No need to clean the puke on the driveway. The squirrel is eating it up.
I'd like to come home and be able to sleep in a bed that's not filled with crumbs from you getting too high and passing out while eating. This is seriously getting ridiculous.
I bruise way too easily for the kind of rough sex I want...
Just learned the hard way that dicks can bruise the back of your throat to the extent that you cant eat. You're dead to me.
I think I explained what happened in the voicemail. But I think I might have just cried and ranted about how cool osiris shoes are
She fucking ripped my chandelier out of my ceiling. How does that make her a keeper?
Please please please tell me that is not a pringles container full of pee that your little brother just got a hold of.....
If you fuck her, Im going to call you and I want you to cough 2 times.
Curse you and your alcoholic milkshakes.
You're welcome.
just saw someone in just a bathrobe not even tied shut run to the bathroom with a facefull of cum. Someone had a good night
I'm going to buy her a puppy, let her fall in love with it, then kill it in front of her. Does that answer how I feel about her?

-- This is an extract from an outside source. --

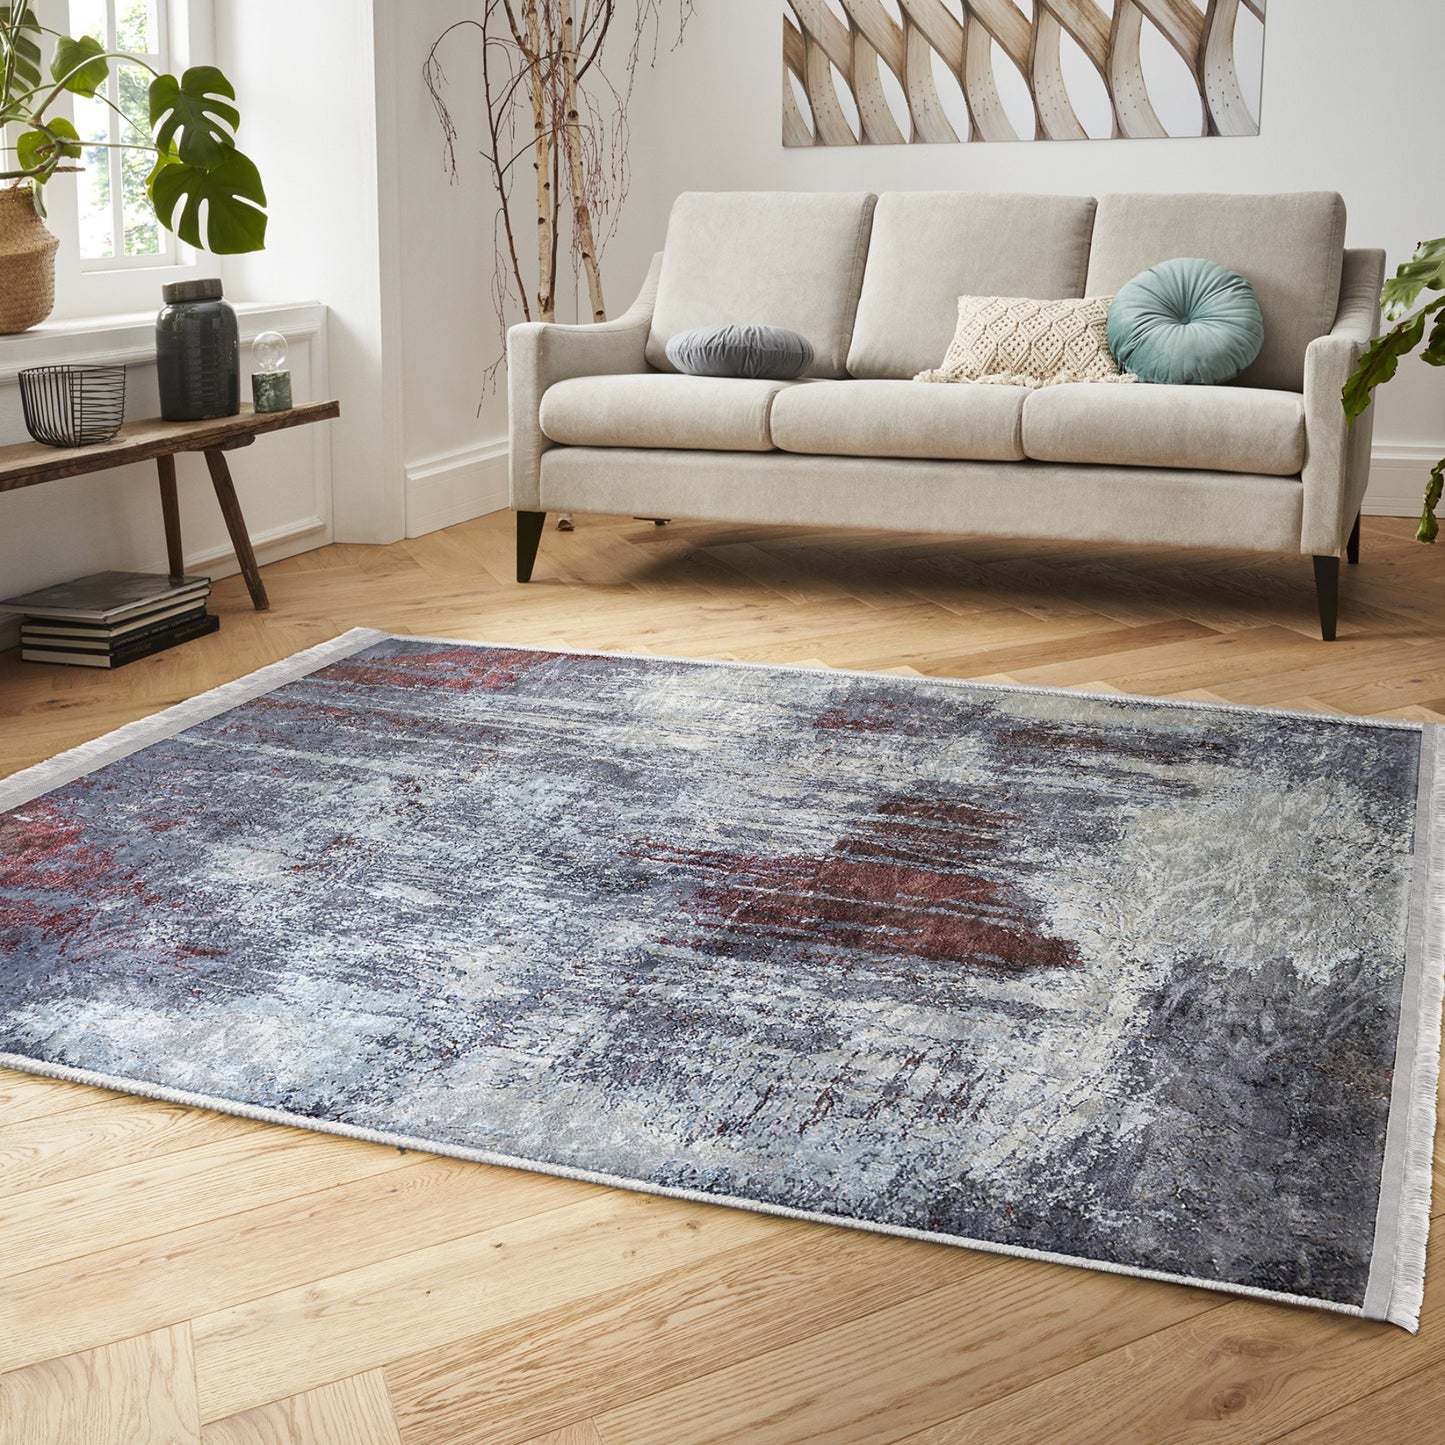 Stylish Rug with Decorative Rustic Pattern

Who doesnt want to be Yoda? I mean seriously, how sweet would that be? Live to 400, not give a shit about love and all that, know fucking mind tricks and smoke awesome swamp weed. I'm down.
I didn't think it was possible but he dislocated his thumb during intercourse last night then cried
You tried to order fondue take-out.
From Taco Bell.
Can you come unlock the door? I just peed myself on the porch.